## Abstract

Dynamically harmonized FT-ICR cell has a saddle-like hyperbolic field distribution inside when averaged over a cyclotron trajectory around the axis of the cell. Such a field distribution makes the motion along the magnetic field independent of the motion in the x,y-plane, as well as the cyclotron motion independent of the magnetron motion and prevents any disintegration of excited coherent ion clouds, which is ruining the resolution in the other types of FT-ICR cells providing by this ideal phasing of single-m/z ion clouds in the entire volume of the cell. FT-ICR instruments with such a cell show resolutions of more than ten million at m/z 1000 at relatively small magnetic fields like 7 Tesla in quadrupole detection mode, what is not reachable by any other type of modern mass spectrometers. We have found that for such ion traps, it is possible to find the analytical solution in the working volume of the trap without any averaging.

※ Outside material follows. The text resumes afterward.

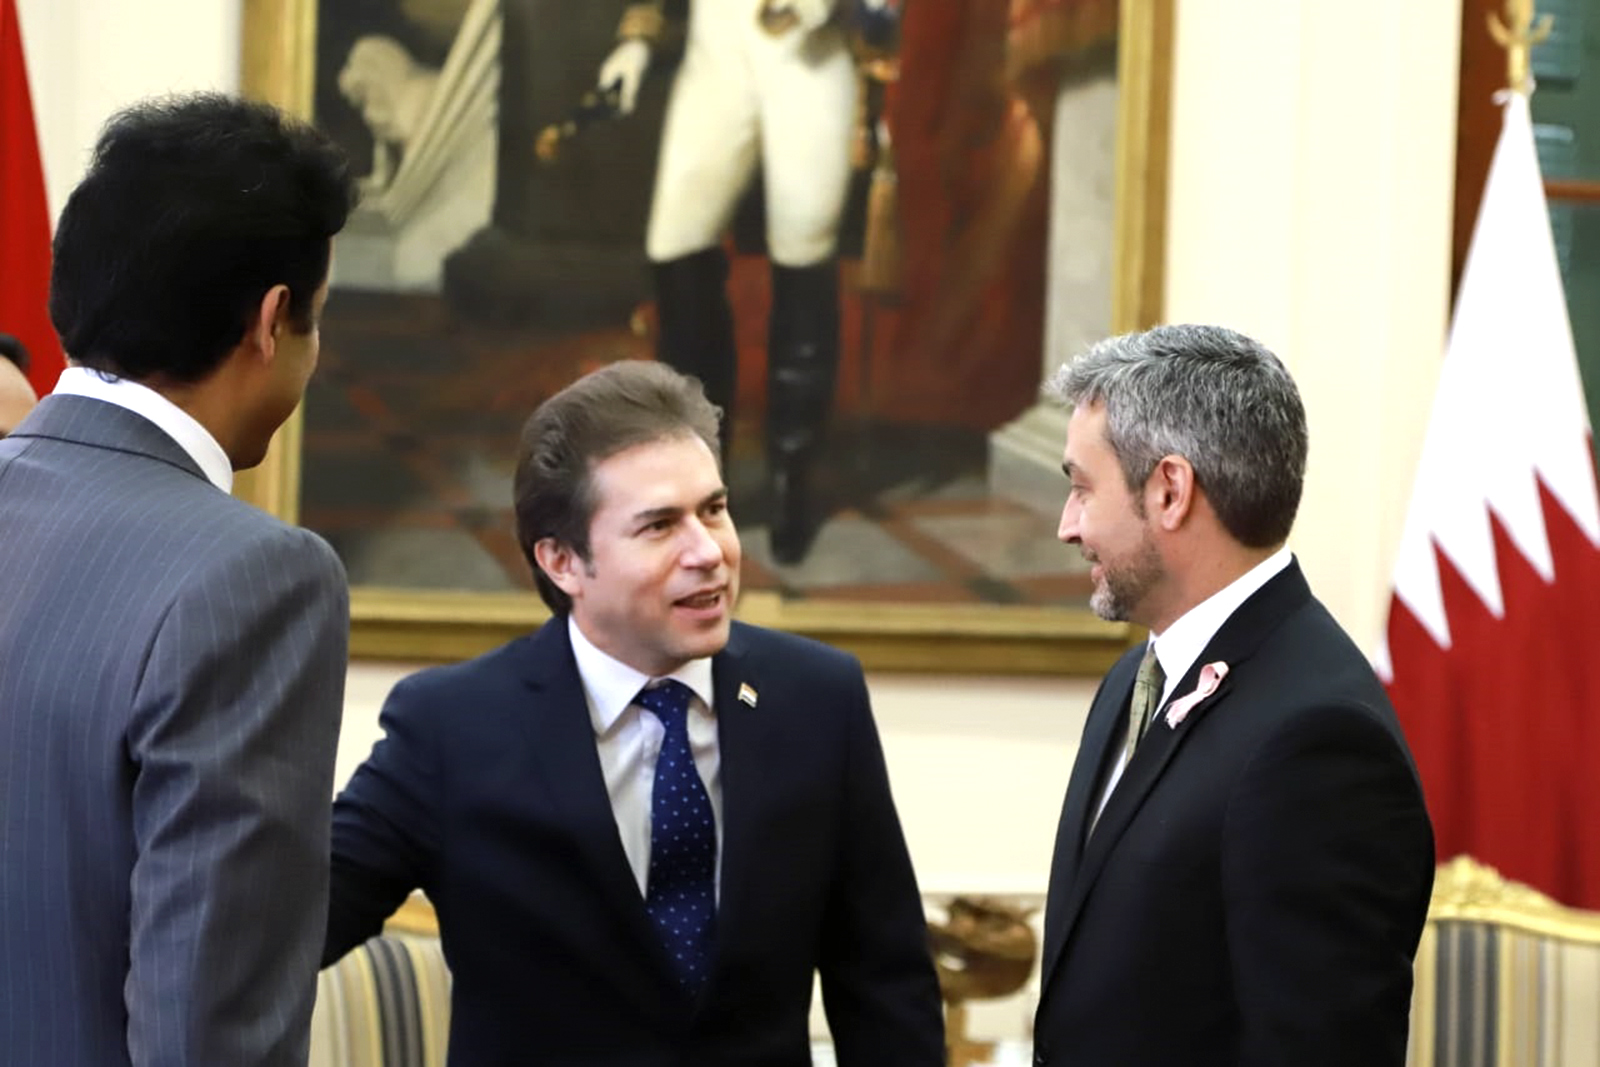 Los Presidentes del Paraguay y Qatar manifiestan voluntad de desarrollar la relación bilateral en todos los ámbitos

The potential distribution for the almost whole volume of such a cell can be presented in the form ϕ(x, y, z) = αz ^{2} + f _{2D} (x, y), where f _{2D} (x, y) is the solution of 2D Poisson equation, which could be found by the method of conformal transformation. This solution is applicable in the practical case and can serve as a base for an analytical theory of signal detection using such cells and as a standard for solutions obtained by numerical simulations of the cell field. [Figure not available: see fulltext.].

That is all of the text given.